I did not like their OMH, not strong enough for me, and smelled like Play Doh when cured. I much prefer Sweet Cakes version. 
I bought Christmas Cabernet last holiday season with the hopes of doing a Christmas soap. Couldn't bring myself to do it, I think it smells like bad chemicals. Ick!


----------



## dcornett (Jun 13, 2013)

Some of my favs from NG are: the perfect man, blackraspberry vanilla, stormy night, pumpkin apple butter, australian bamboo grass, misbehavin, cool citrus basil and bayberry.


----------



## theath2010 (Jun 13, 2013)

I love their loving spell but I expected their coconut lime verbena so be more similar to BBW coconut lime breeze and sadly it was not very similar. At least love spell was a big hit with my friends and family. (I don't sell right now but expect to keep it around when I do!)


----------



## three_little_fishes (Jun 13, 2013)

Mermaid kisses is nice, but very strong even after a couple of weeks. Boston Tea Party I haven't soaped with yet, but it has a very light smell in the bottle. I also have Huckleberry and can't decide whether I like it or not so I haven't soaped with it.


----------



## Moonshea Botanicals (Jun 13, 2013)

shunt2011 said:


> Perfect man, Anjou Pear Blossom, Bamboo White Grapefruit, Aqua di Gio, Satsuma, Ruby Red Grapefruit, Elf Sweat, Sex on the Beach, Lick Me All Over (I rename it though) and Fruity Rings are some of my favorites.  I don't like their Monkey Farts or Pineapple Orchid.

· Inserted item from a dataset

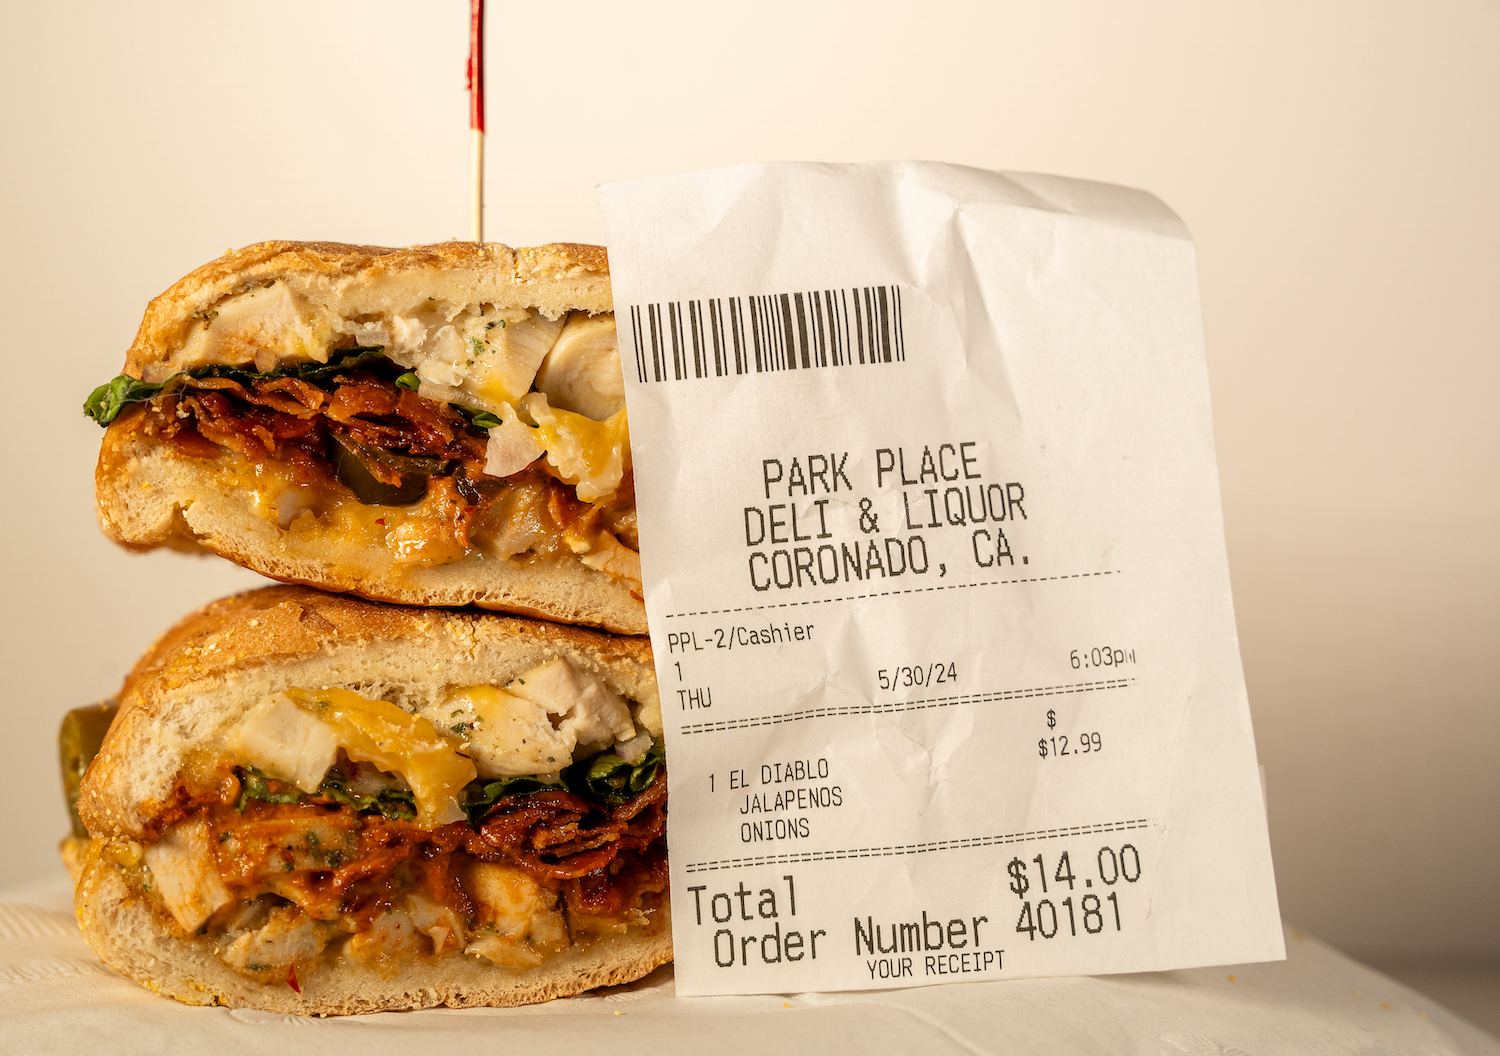 Best liquor store sandwiches in San Diego featuring the El Diablo sandwich from Park Place Liquor in Coronado

elf sweat?! what does that smell like? that would be a great gamer soap. NM I read it on the site. BLEH.


----------



## VanessaP (Jun 13, 2013)

theath2010 said:


> I love their loving spell but I expected their coconut lime verbena so be more similar to BBW coconut lime breeze and sadly it was not very similar. At least love spell was a big hit with my friends and family. (I don't sell right now but expect to keep it around when I do!)



Coconut Lime Breeze and Coconut Lime Verbena are two distinct scents from B&BW. 

Aztec (www.candlemaking.com) just released a dupe of Coconut Lime Breeze in the last week or two. I have not had a chance to go to their showroom and sniff it so I don't know how good of a dupe it really is.


----------